For a quarter of a millennium successive American generations became more productive and wealthier. During the last generation, US purchasing power fuelled much Asian growth. Conversely, the patronage-grounded politics that emerged from our 1990s transition favour redistribution and isolation.

As China’s consumers still have insufficient purchasing power to sustain that country’s growth, Beijing must run the world’s largest trade surplus to maintain growth momentum. As the US runs the world’s largest trade deficit, President Donald Trump seeks to use tariffs to deter China’s trade practices and its anti-Western and regional belligerence. 

Adding value

As with other countries, SA’s future competitiveness is approximated by the percentage of its young adults who add value to exports. We score dismally on this scale due mostly to redistribution and localisation policies. The extraordinary rise of Asia, which reset global economics and geopolitics, wasn’t fuelled by Asians selling to Asians.
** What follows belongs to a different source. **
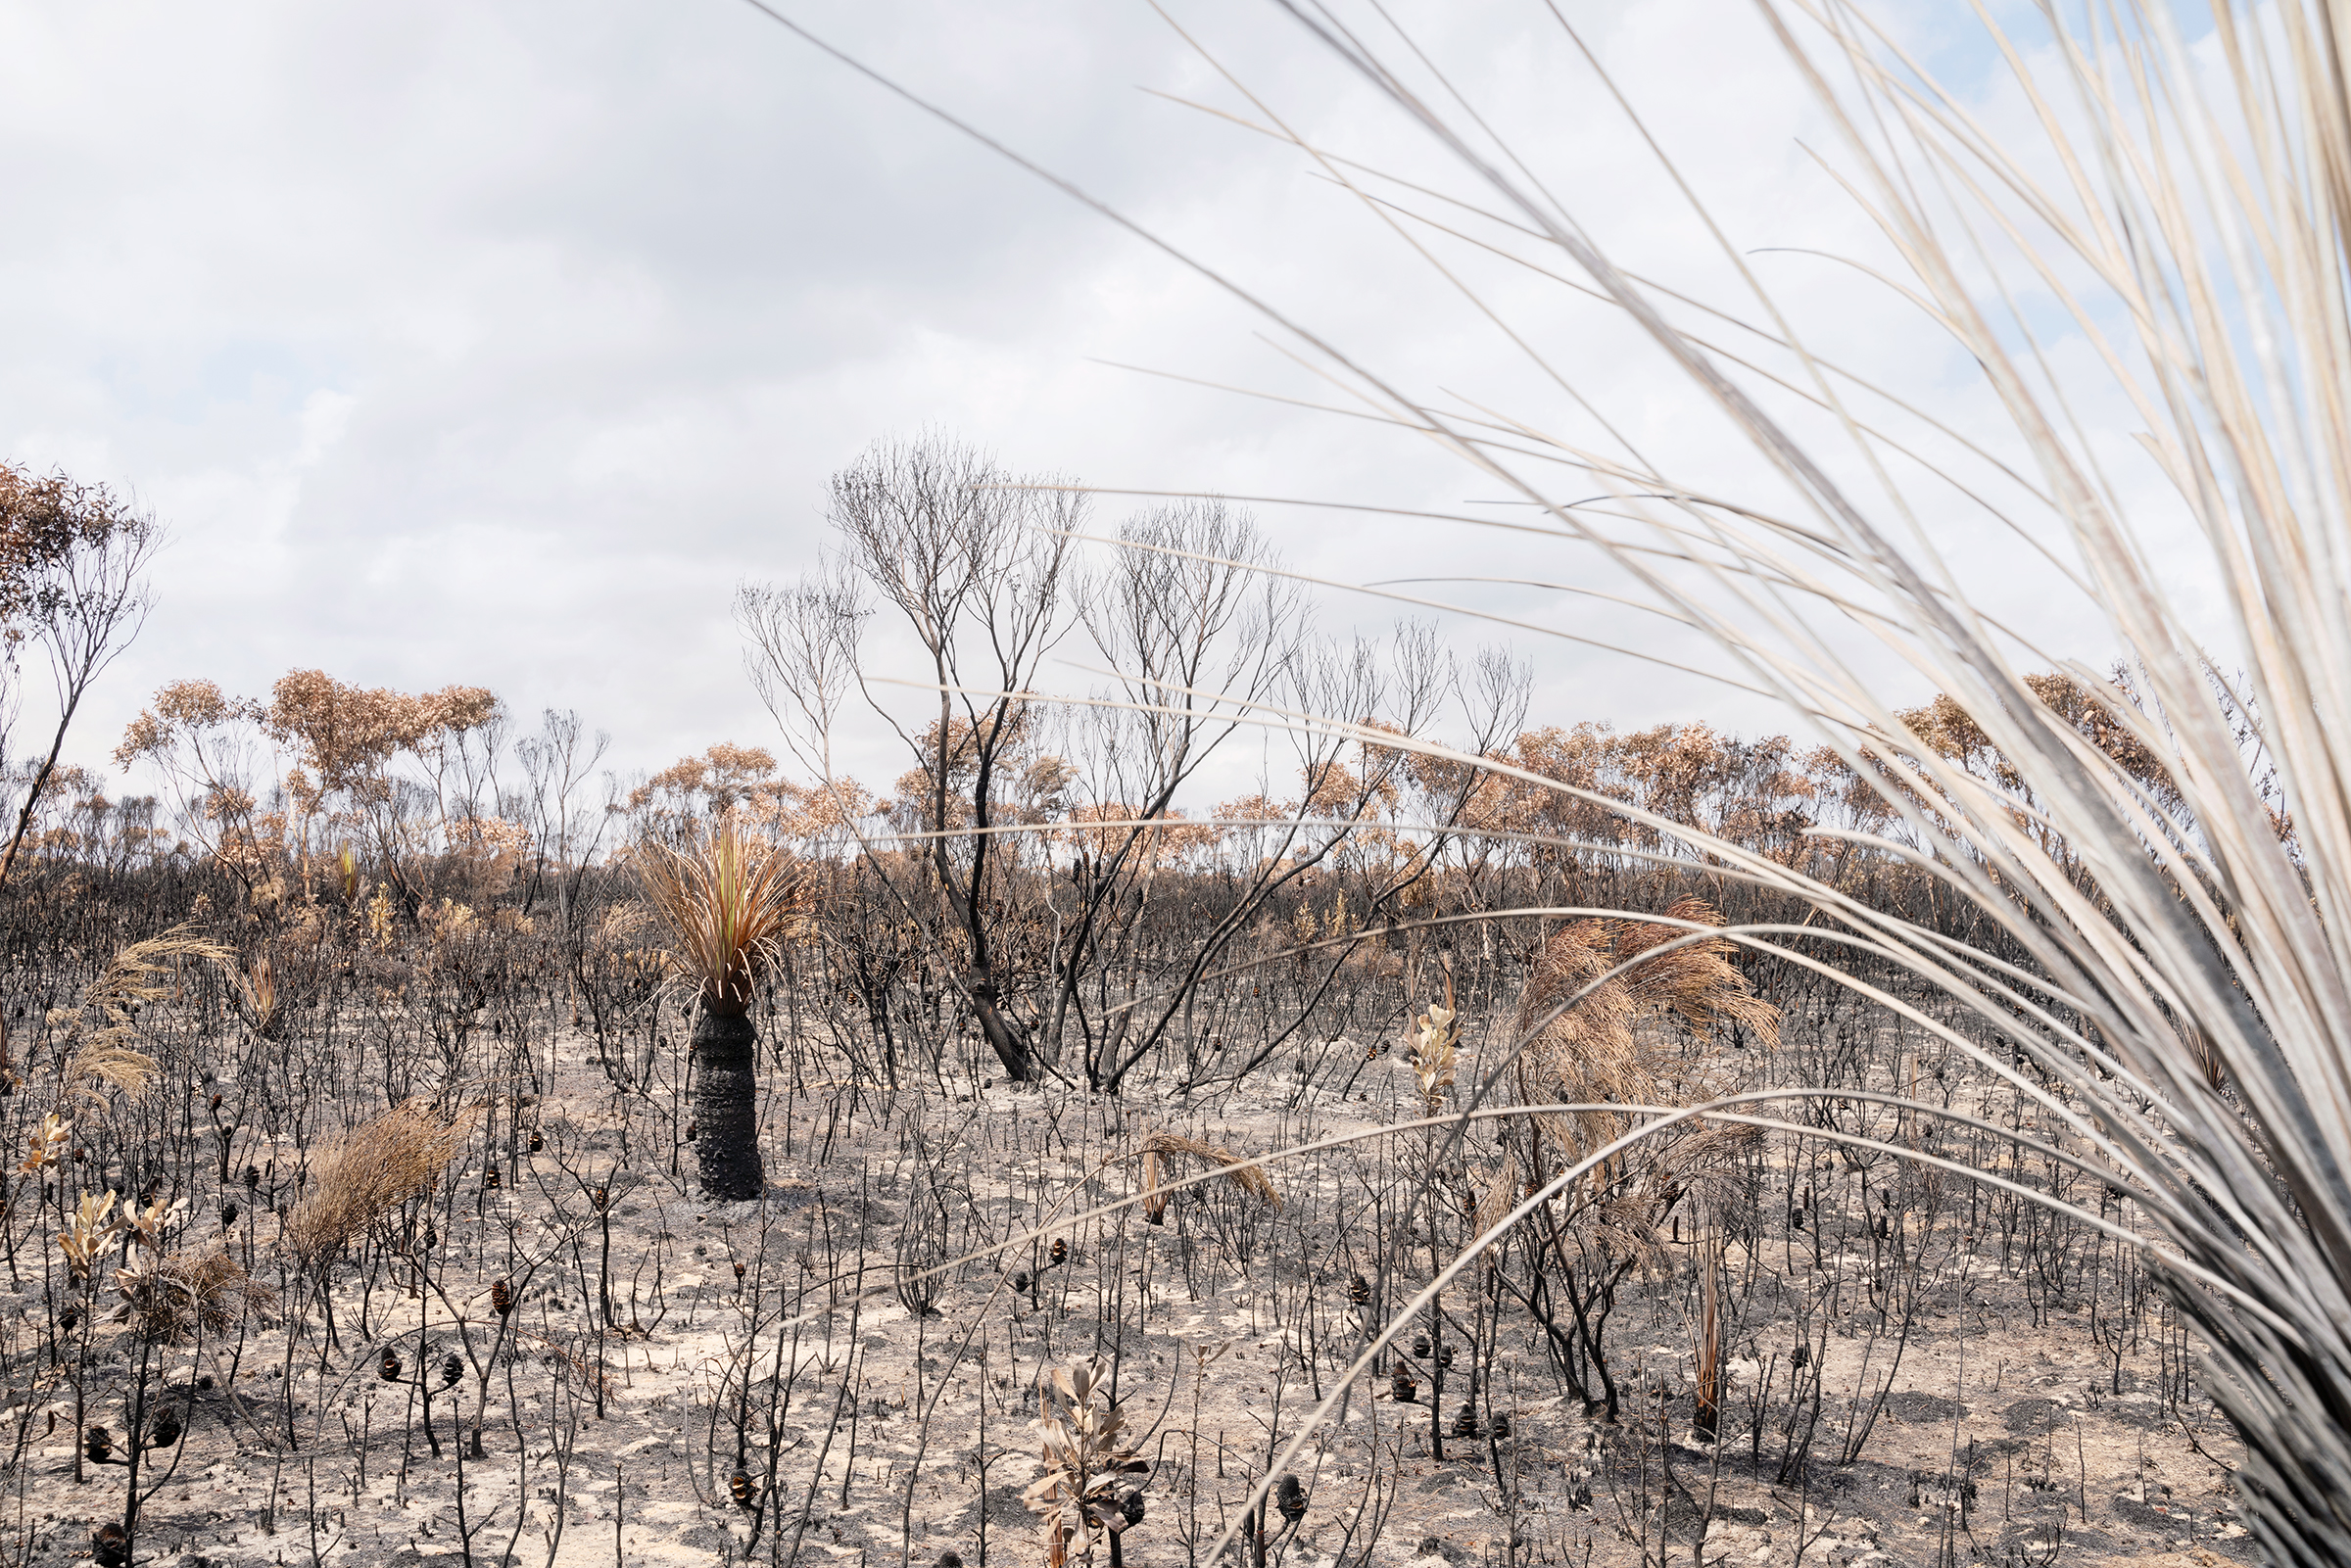 Charred remains of trees in Flinders Chase National Park on Kangaroo Island on Jan. 16. (Adam Ferguson for TIME)

Rather, supply chains connected Western consumers with Asian workers. SA can’t sustain high growth through targeting domestic and regional markets as both suffer from woefully deficient purchasing capacity.

Since apartheid ended globalisation transformed the many Asian nations, which flourished through adding value to Western imports. As the ANC rejects this era’s success formula, half of SA’s young adults can’t escape poverty.

SA’s modest pace of capital mobilisation aligns with our economy’s meagre growth trajectory. For a new mall to flourish, it must take market share from others. Our ultra-elevated youth unemployment and low domestic growth are mutually reinforcing. To achieve and sustain high growth our young adults must add value to exports. 

Our apartheid-to-Mandela transition was internationally celebrated as the Cold War ended and the Soviet Union expired. Today, the anti-Western axis of Russia, China and Iran have been revealed to be far weaker than they were perceived to be just three years ago. These countries are in no position to create jobs in SA, whereas Western countries, particularly the US, fund the creation of many millions of jobs in various countries. 

But the “funding” aspect that is most critical isn’t about investing. The US can sensibly sustain enormous trade deficits while wealthy countries have insufficient young workers and commerce becomes more disruptive and digitally orientated. Meanwhile, SA has entrenched the world’s most severe youth unemployment crisis.

Political and technological transitions are even more disruptive when they are amplified by abrupt demographic shifts. Before long this region will account for 40% of the world’s births. Our region’s rise through global integration would provide more human interactions to offset ubiquitous AI.

A country hosting the G20 that lacks solutions to its extreme youth unemployment should seek to develop solutions with member nations.